Suppose you’re used to attracting men who hurt you – if men keep showing up who want to hurt you, you know you’re not healed yet. But as the more “boring” guys start to show up, you’re getting healed! They may not “light your fire” like the men who fit perfectly into your old relationships patterns, but the boring guys who don’t want to hurt you are a actually a huge step in the right direction!
I’ve seen this happen over and over again. I’ve worked with many women who are only attracted to men who are unavailable in some way – emotionally, geographically, logistically, you name it – and if a man is available and actually interested in a real relationship, they don’t want anything to do with him.
If you feel like you’re a magnet for unavailable men, there’s a good chance that deep down you have your own fears of intimacy. The chemistry is often off the charts in relationships between two emotionally unavailable people because this is where they both feel safe – there is no chance for the risk of emotionally intimacy.
People who are emotionally unavailable themselves are often fine with only taking crumbs from the people they’re in relationships with because that’s all they can handle – many people can’t tolerate being loved or experiencing true intimacy.
You may be mistaking this highly addictive “chemistry” for love.
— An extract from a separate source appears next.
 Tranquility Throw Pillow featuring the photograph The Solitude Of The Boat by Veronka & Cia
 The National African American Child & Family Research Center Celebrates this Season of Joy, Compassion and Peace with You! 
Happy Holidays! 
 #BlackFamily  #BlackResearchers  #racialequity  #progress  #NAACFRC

Perhaps you immediately write off all the men who are interested in a real, full-time relationship because you don’t “feel it” for them – this superficial type of chemistry is not there. Meanwhile, you may find yourself getting your heart broken over and over again by these unavailable men. When your relationships end you might be left feeling even more hopeless, distrustful of men, and terrified of love.
When people don’t want to acknowledge how bad they’re feeling about themselves – they will often go out and seek out other people to hurt them. It’s as though they are HIRING them to do this.
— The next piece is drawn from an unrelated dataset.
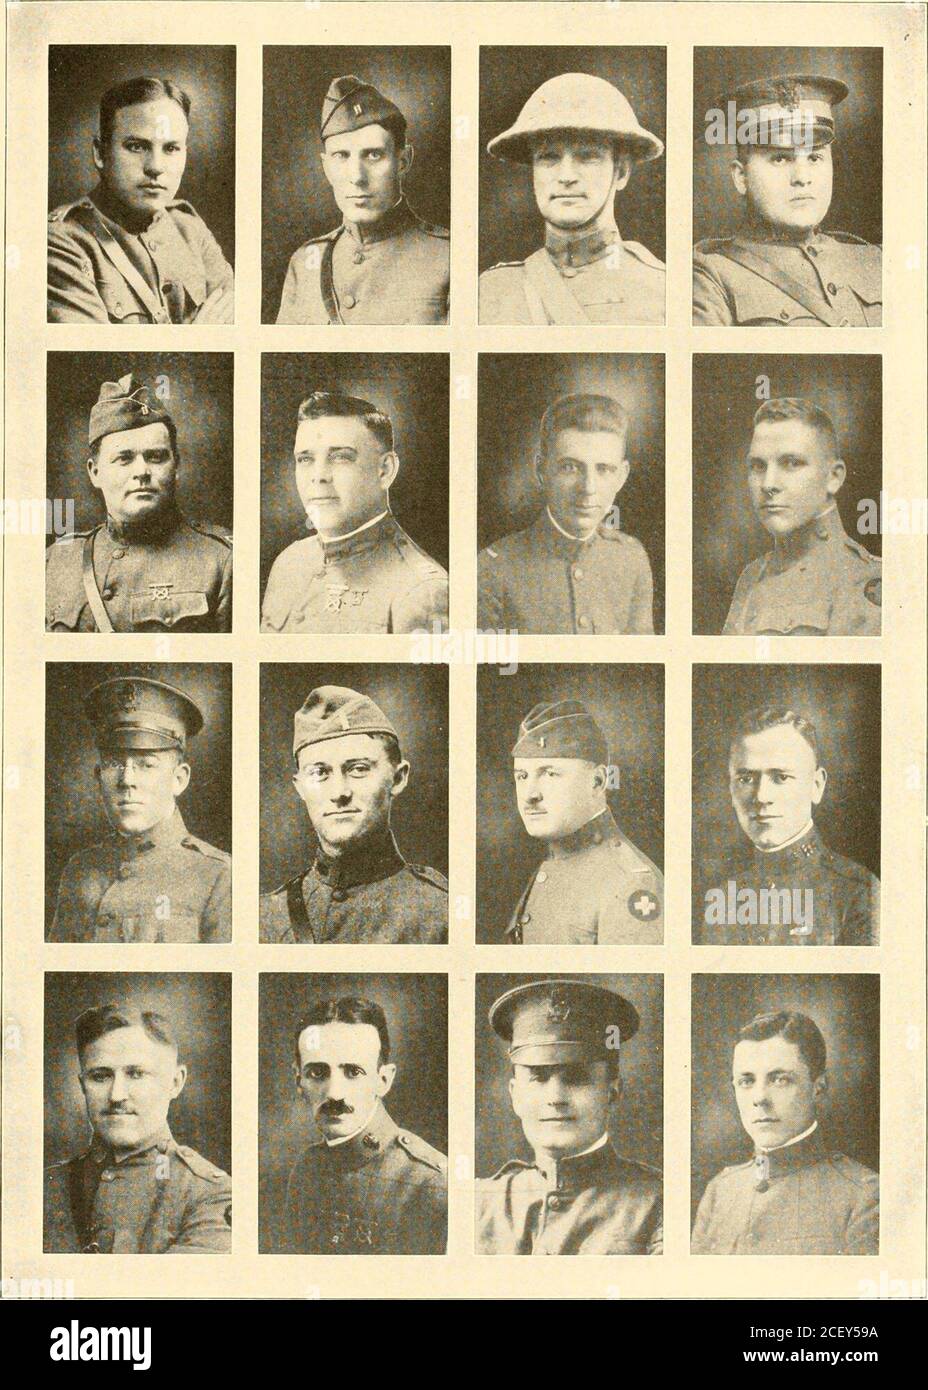 . Illinois in the World War; an illustrated record prepared with the coöperation and under the direction of the leaders in the state's military and civilian organizations. icer2nd Lieutenant William H. MerrimanBilleting Officers ist Lieutenant Oliver J. Sheehyist Lieutenant George O. Warren2nd Lieutenant Frederick A. Prince,Assistant to G-i and G-3Headquarters Troop Captain Herbert W. Stylesist Lieutenant Thomas J. Cochrane2nd Lieutenant Richard R. NotterAttached ist Lieutenant Arthur W. Larson, Commanding Postal Detachmentist Lieutenant Herbert H. Harris, Di-vision Recreation Officer2nd Lieut Stock Photo

The key to turning this around lies in uncovering your relationship patterns and everything you’re doing that’s blocking love from coming toward you. You may discover that you’re only attracted to the men who are “difficult” – the ones who are “too busy” for a relationship, or the ones who kept you on edge where you never know where you stand with them.
When you learn to stop chasing these men and ONLY spend time with men who’s energy is coming TOWARD you – that’s when everything can turn around. It’s important to stop making “instant chemistry” a requirement and start paying attention to how you feel about YOURSELF in a man’s presence, rather than whether or not he hits everything on your “checklist.” When you start feeling better about yourself, more and more high-quality available men will start showing up!
Suddenly the “boring” guys might become a lot more interesting! You’ll discover that REAL chemistry can be CREATED – by opening up your heart and experiencing a man loving you for exactly who you are.